2. Follow the “Shallow Charge/Shallow Discharge” Principle:

Avoid discharging the battery below 20% state of charge (SoC) before recharging. For lithium-ion batteries, cycling within the 20%–80% SoC range is optimal for maximizing cycle life.

3. Standardized Charging Procedure:

Ensure battery connectors, cables, and charging interfaces are intact and securely connected. Always follow the sequence:“Connect the battery first, then power on the charger; turn off the charger first, then disconnect the battery.”

4. Regular Inspection:

Routinely check the battery casing for signs of swelling, deformation, cracks, or electrolyte leakage. Verify that cables and connectors show no looseness, burn marks, or corrosion—and maintain good electrical contact.

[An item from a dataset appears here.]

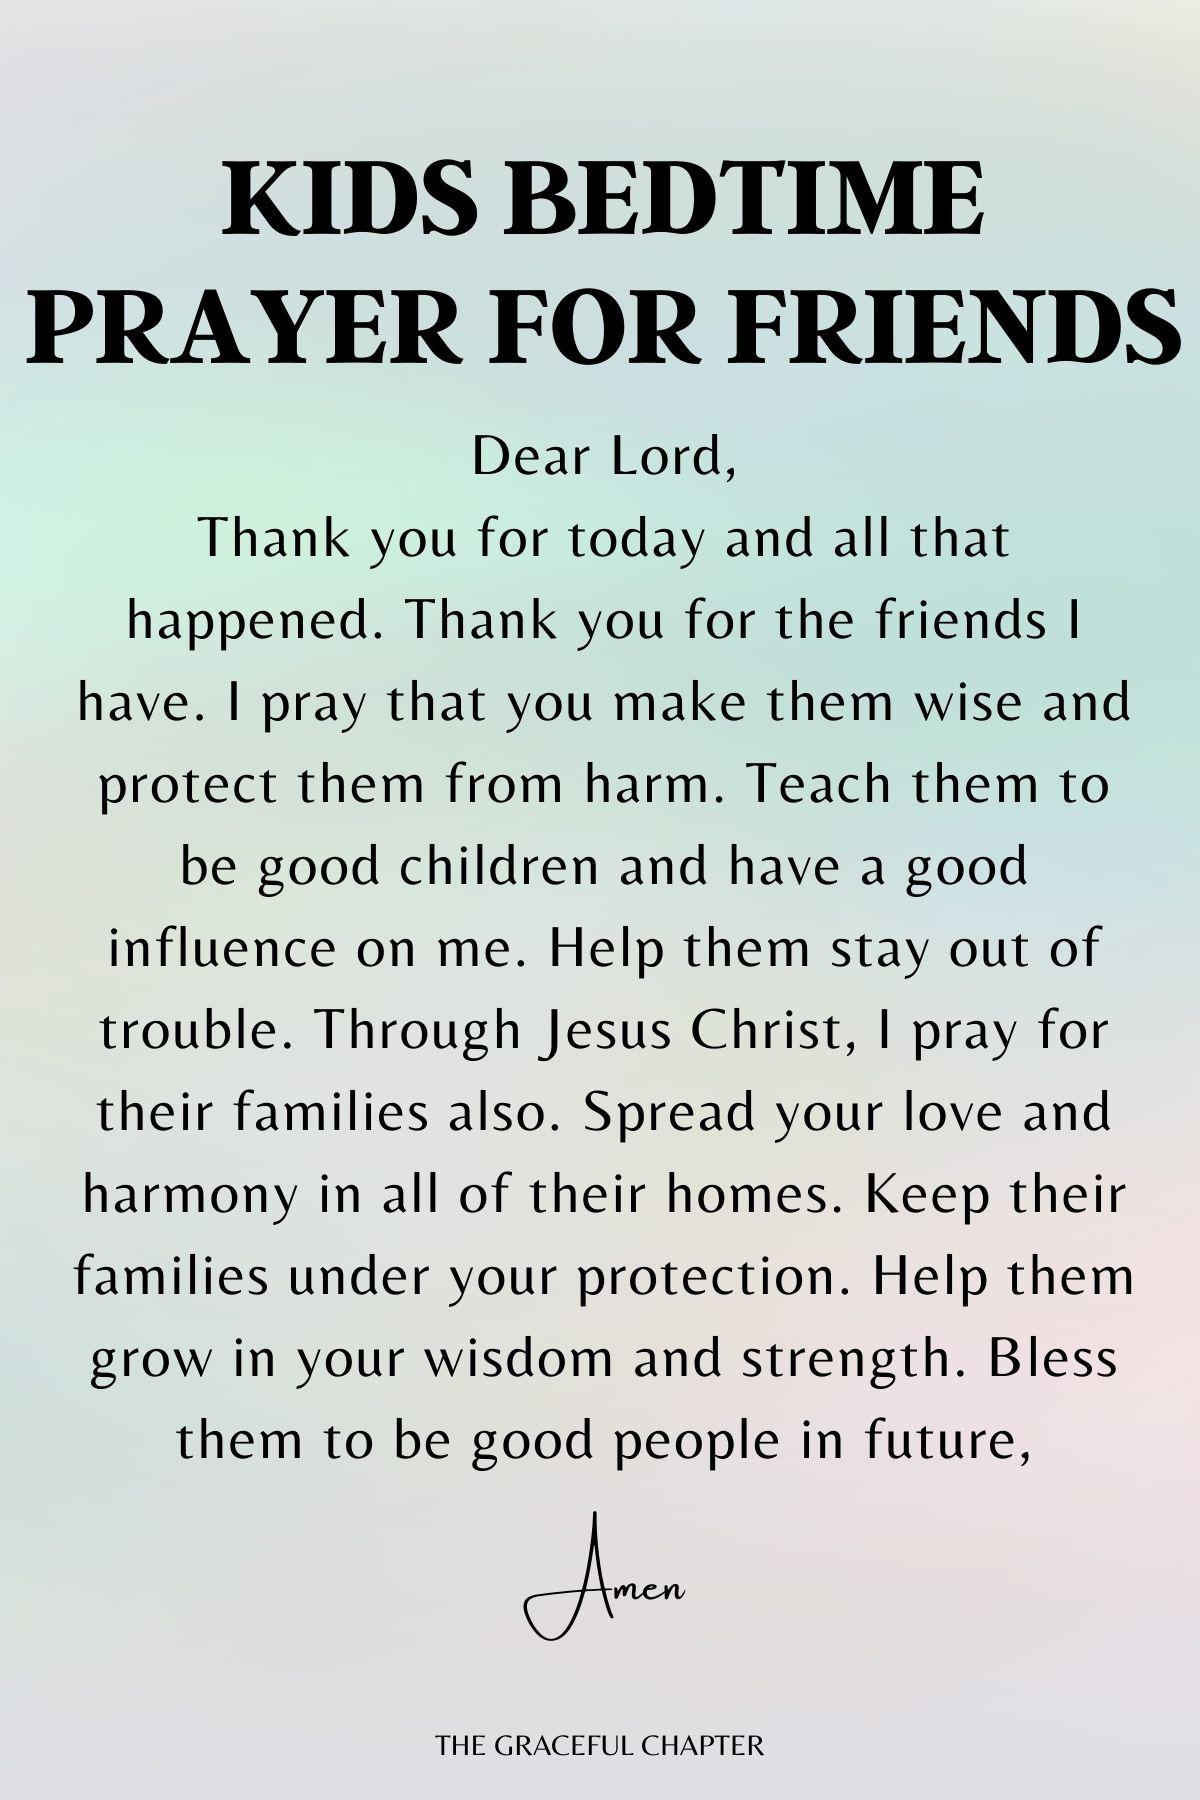 Kids bedtime prayer for friends

5. Preventive Maintenance:

With the system powered off, clean the interior and exterior of the battery compartment using a dry cloth. Ensure ventilation openings remain free of dust or obstructions.

6. Long-Term Storage Protocol:

If an AGV/AMR will be idle for more than one month, adjust the battery state of charge to 50%–70%, disconnect it from the vehicle, and perform a top-up charge every 3 months to compensate for self-discharge and prevent deep discharge damage.

Battery maintenance for AGVs/AMRs is a comprehensive discipline that integrates standardized operations, meticulous management, and specialized technical support. It requires close collaboration among operators, dispatchers, maintenance engineers, and management personnel.

By establishing Standard Operating Procedures (SOPs) and fostering a company-wide culture of proactive battery care, we can fully optimize battery performance—ensuring every AGV/AMR remains online and operates at peak efficiency. This holistic approach delivers a win-win outcome: enhanced productivity and reduced total cost of ownership.